Valuations & outlook
CARE’s revenues and net profit have grown at a compounded rate of 41 per cent and 44 per cent, respectively, over FY2008-12. Even for FY12, these grew 26 per cent and 31 per cent, respectively. At the upper price band of Rs 750 and assuming a bottom line growth of 25 per cent in FY13, the stock is priced at 15 times earnings, a good discount to its nearest peer. While the significantly larger peer, CRISIL, is trading at 31 times one-year forward estimated earnings, the multiple stands at 21 times for Icra, the third largest rating agency in the country. Even on a historical basis, at Rs 750 a share, CARE’s issue is priced at 18.5 times its FY12 earnings, while its closest peer, Icra, trades at 27 times.
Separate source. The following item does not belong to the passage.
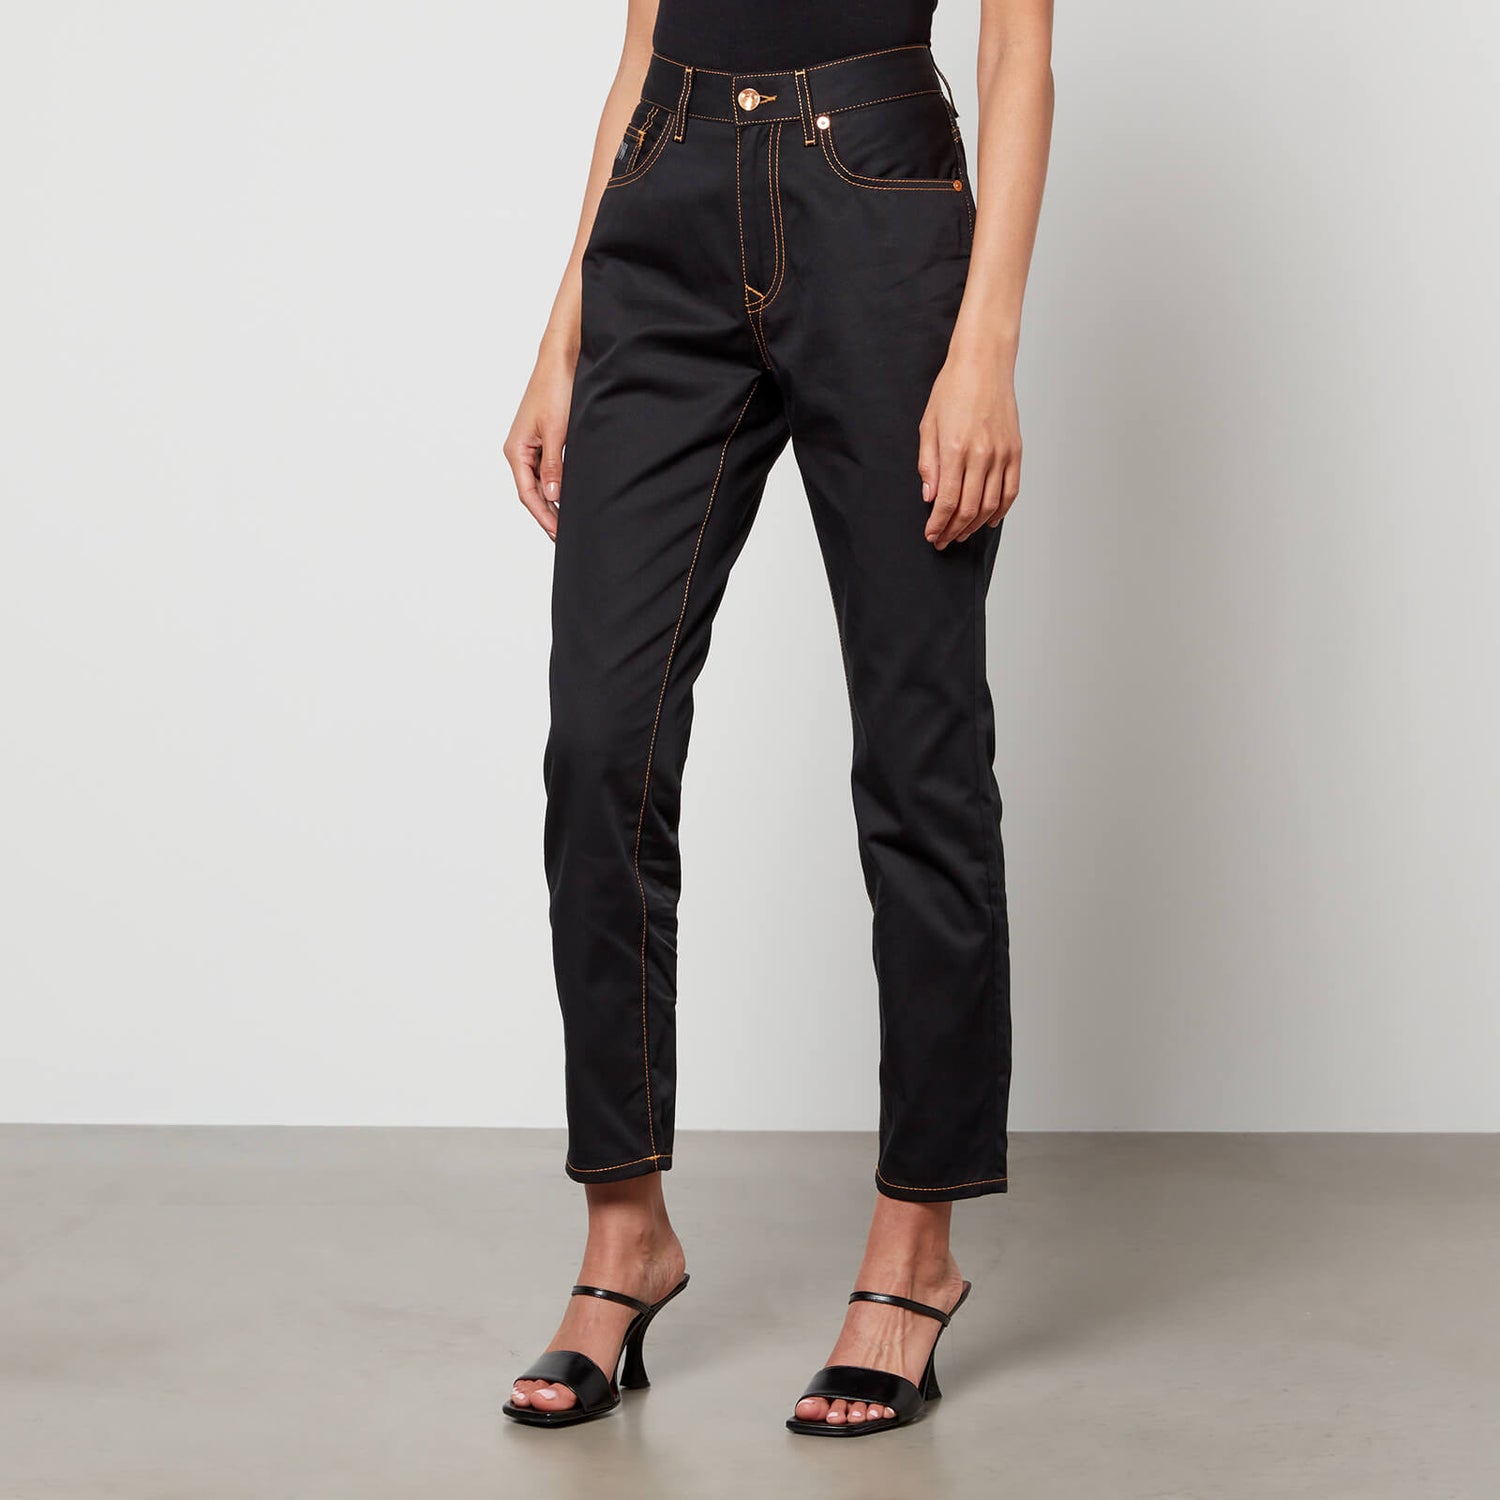 Vivienne Westwood Women's Harris Jeans - Black - W27
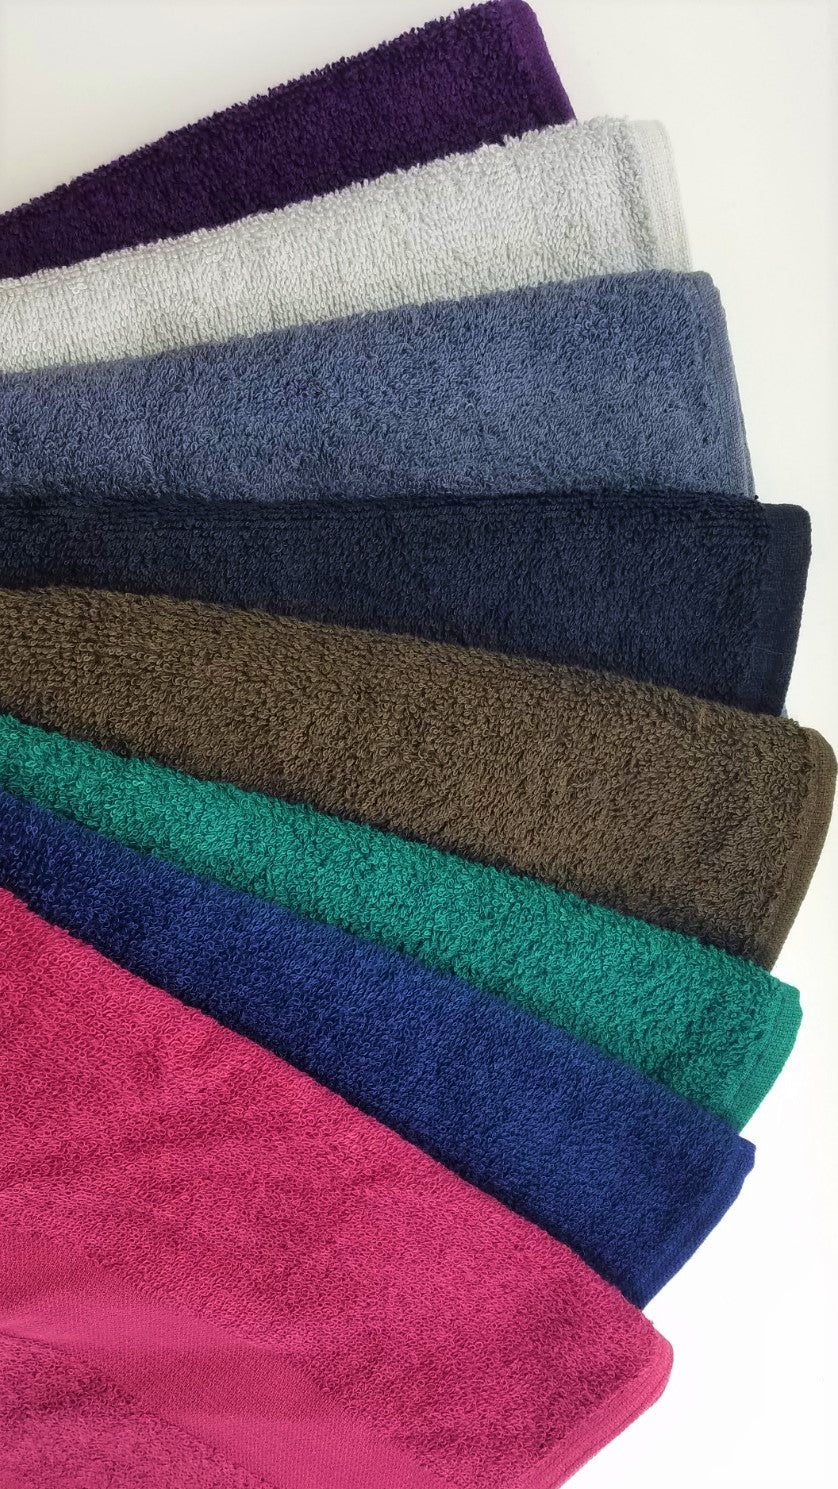 16x27 Navy Hand Towels 100% Cotton - StarTex

While the changes in key regulations governing rating agencies remain a key risk, the rating company’s limited experience in international markets, with higher competition, are key challenges. But, most of this is already reflecting in the IPO valuations, pegged reasonably lower than its nearest peer.
“Historically, credit rating agencies have traded at 17-18 times one-year forward earnings. CARE’s valuations look sanguine in this context. Going forward, the multiple gap between CARE and Icra should come down,” believe analysts at Emkay Global.
On the whole, CARE enjoys a strong financial position, a well-established brand positioning and richly experienced management. The fast-growing and high cash-generating business, higher margin profile and reasonable valuations make this offer a good investment opportunity.